[pve-devel] [PATCH-SERIES v2 ha-manager/docs] add static usage scheduler for HA manager
Fiona Ebner
f.ebner at proxmox.com
Thu Nov 17 15:00:01 CET 2022
Right now, the online node usage calculation for the HA manager only
considers the number of active services on each node. This patch
series allows switching to a 'static' scheduler mode instead, where
static usage information from the nodes and guest configurations is
used instead.
With this version, the effect is limited to choosing nodes during
recovery or by migrations triggered by a shutdown plolicy, but the
plan is to extend this in the future.
As a next step, it would be nice to also have for startup, but AFAICT
the issue is that the node selection only happens after the state is
already set to started and I think select_service_node() doesn't
currently know if a service has been newly started. I haven't looked
into it in too much detail though.
An idea to get a balancer out of it, is to:
1. (optionally) sort all services by badness (needs new backend function)

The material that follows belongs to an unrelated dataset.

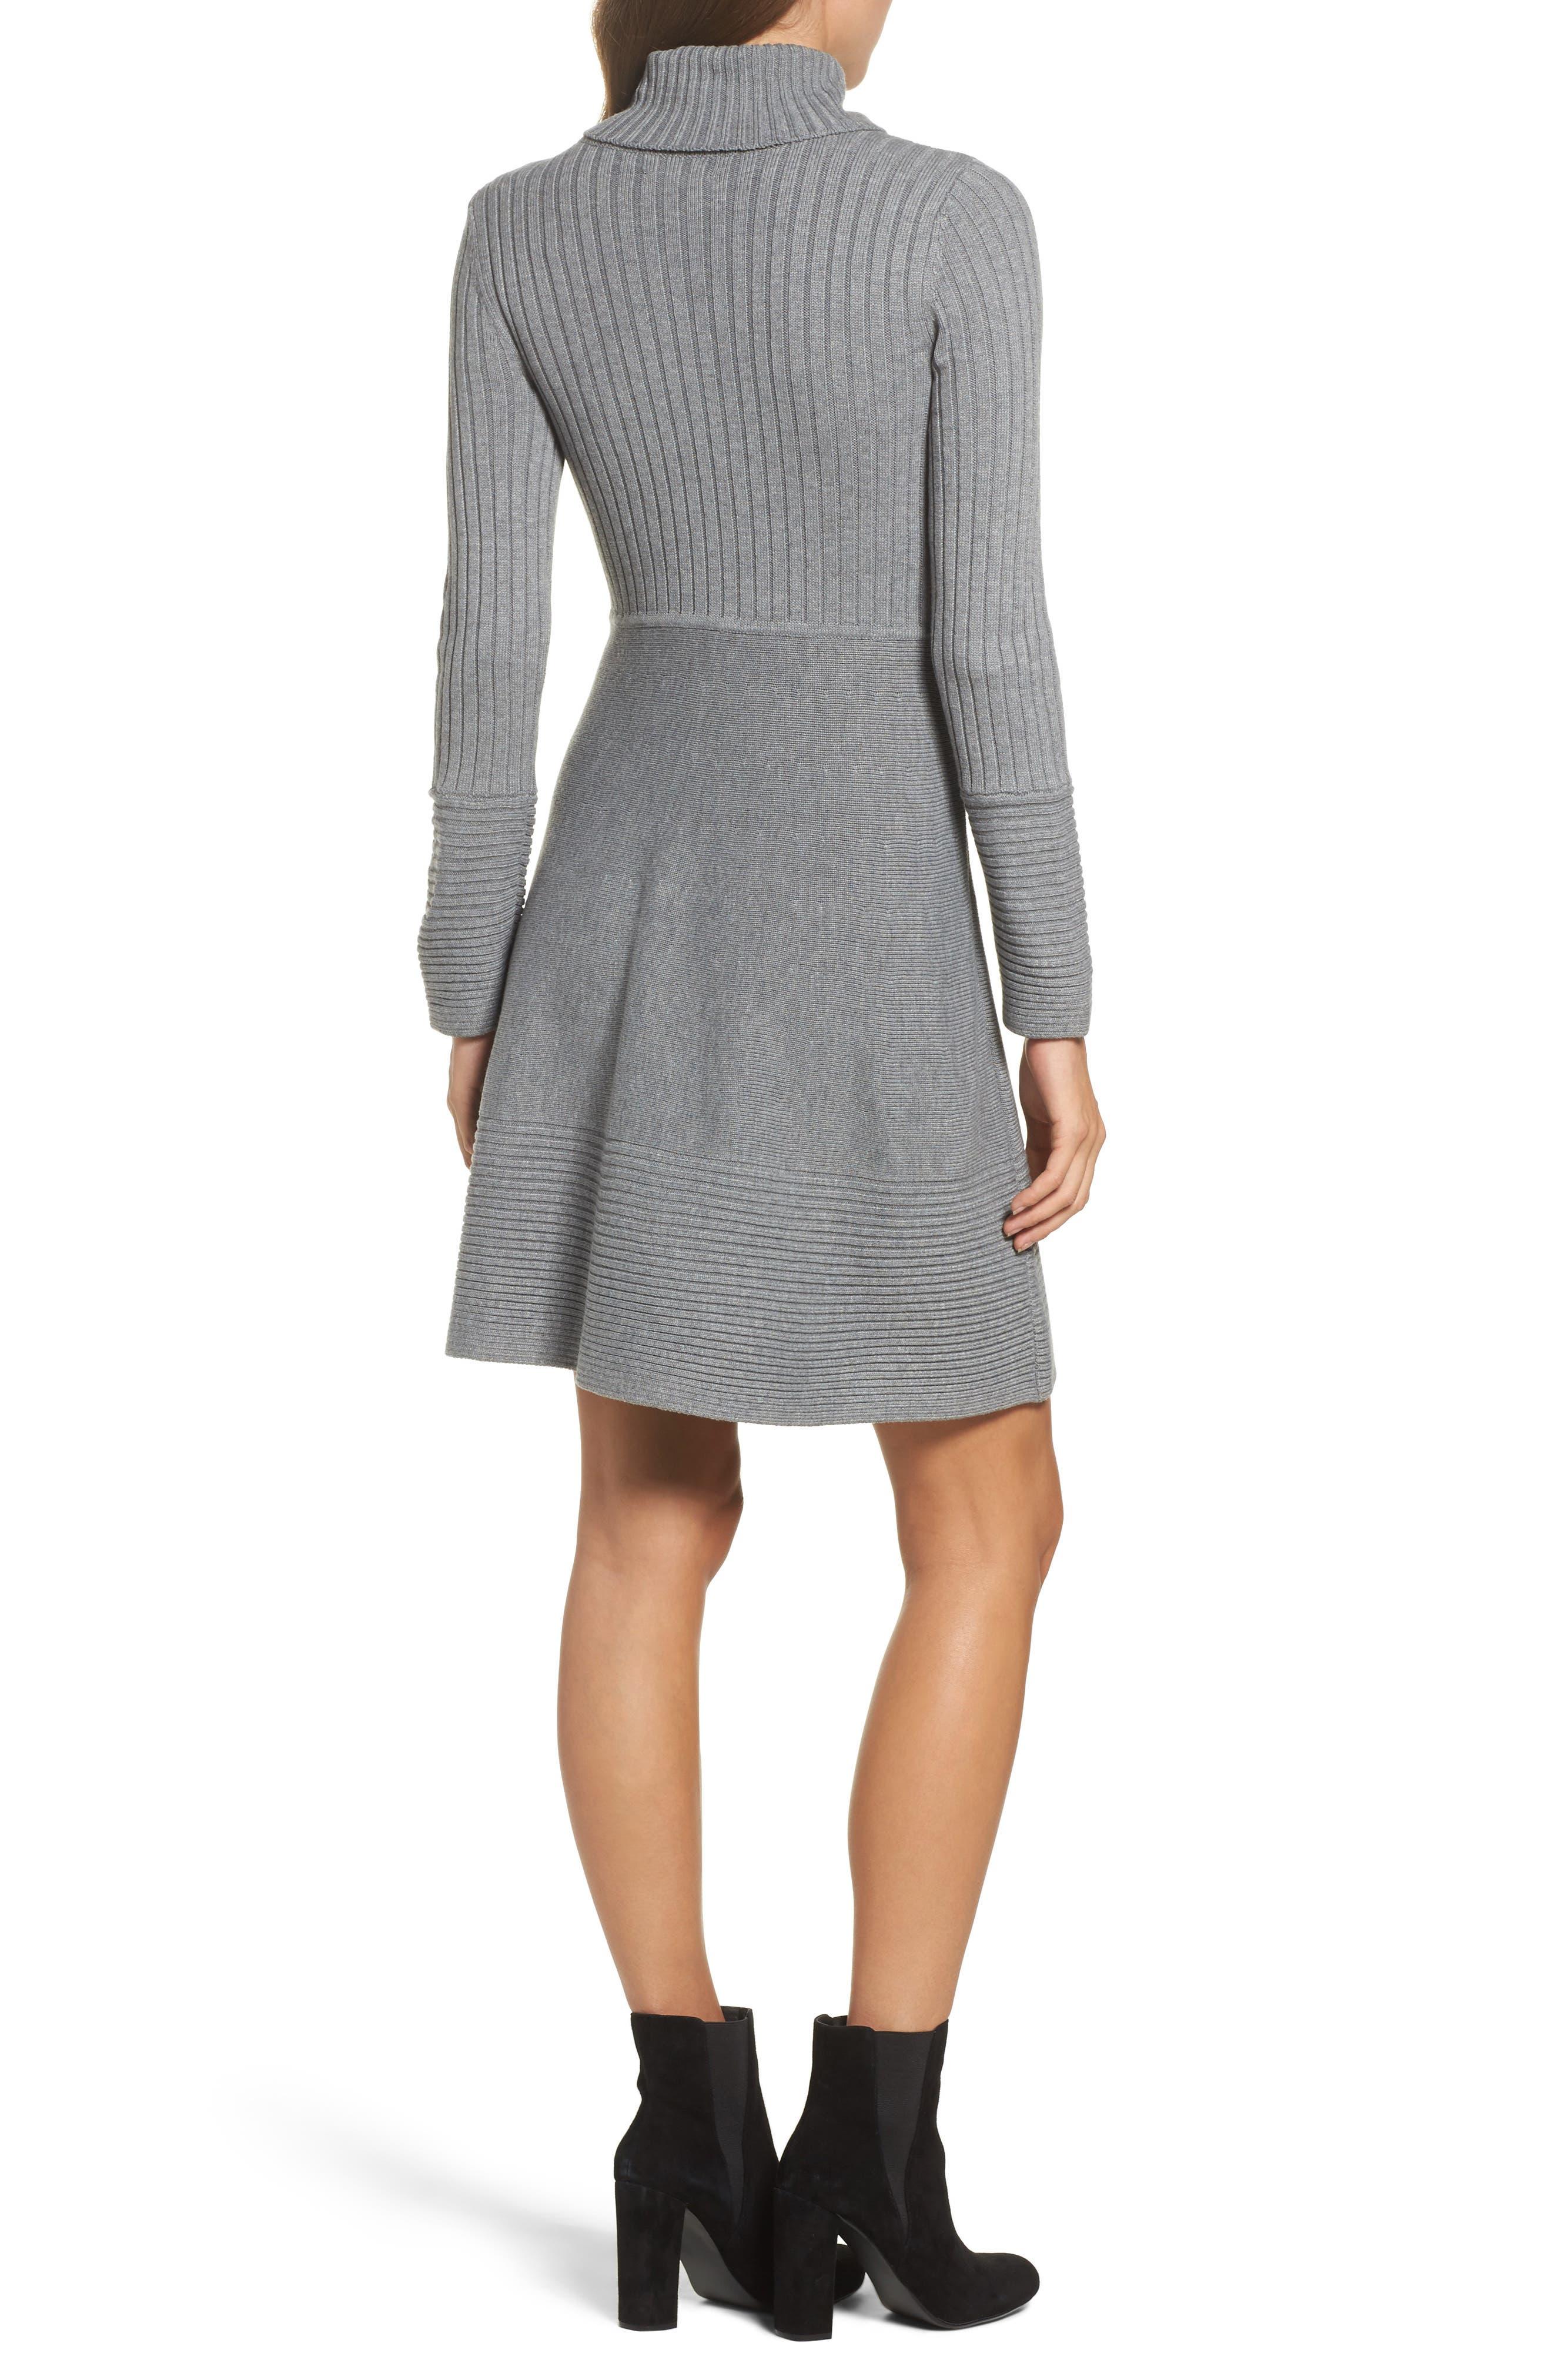 ELIZA J, Turtleneck Sweater Dress, Alternate thumbnail 2, color, GREY

2. iterate scoring the nodes for each service, adding the usage to the
chosen node after each iteration. The current node can be kept if the
score compared to the best node doesn't differ too much.

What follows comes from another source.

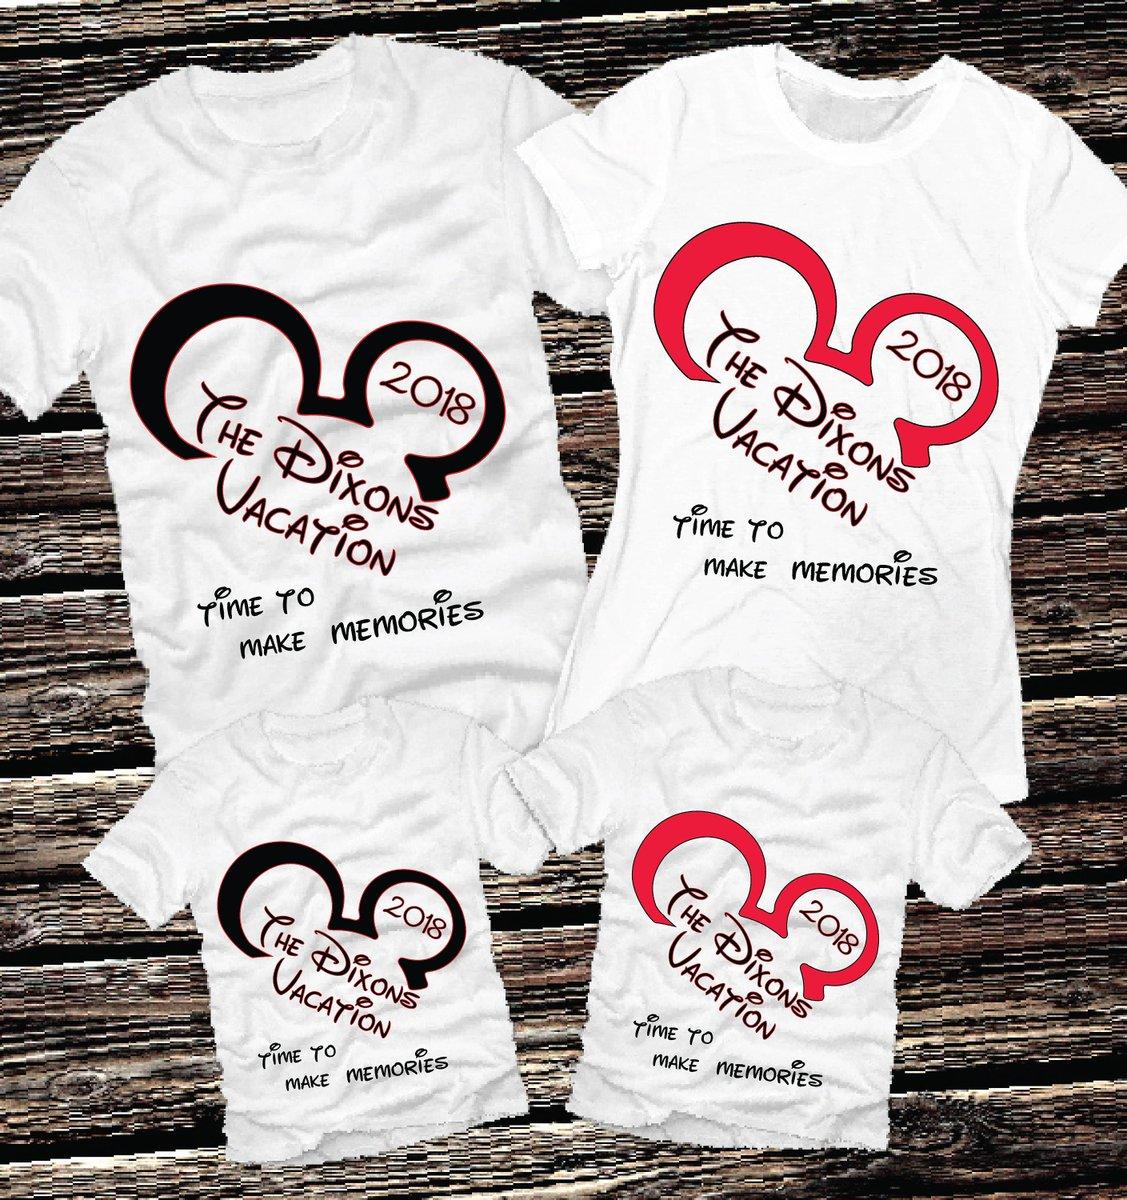 3c7eddc05694a ... shirts Disney Shirts 2018 Disney Trip shirt Custom Disney Ears Family  Matching Disney Shirts Disney World Disneyland trip https://etsy.me/2KgtFC1  ...

3. record the chosen nodes and migrate the services accordingly.
The online node usage calculation is factored out into a 'Usage'
plugin system to ease adding the new static mode without much
cluttering. If not all nodes provide static service information, we
fall back to the 'basic' mode. If only the scoring fails, the service
count is used as a fallback.
Dependency bumps needed:
proxmox-ha-manager (build)depends on proxmox-perl-rs
The new feature is only usable with updated pve-manager and
pve-cluster of course, but no hard dependency.
Changes from v1:
* Drop already applied patches.
* Add tests for HA manager which also required properly adding
relevant methods to the simulation environment.
* Implement fallback for scoring in Usage/Static.pm.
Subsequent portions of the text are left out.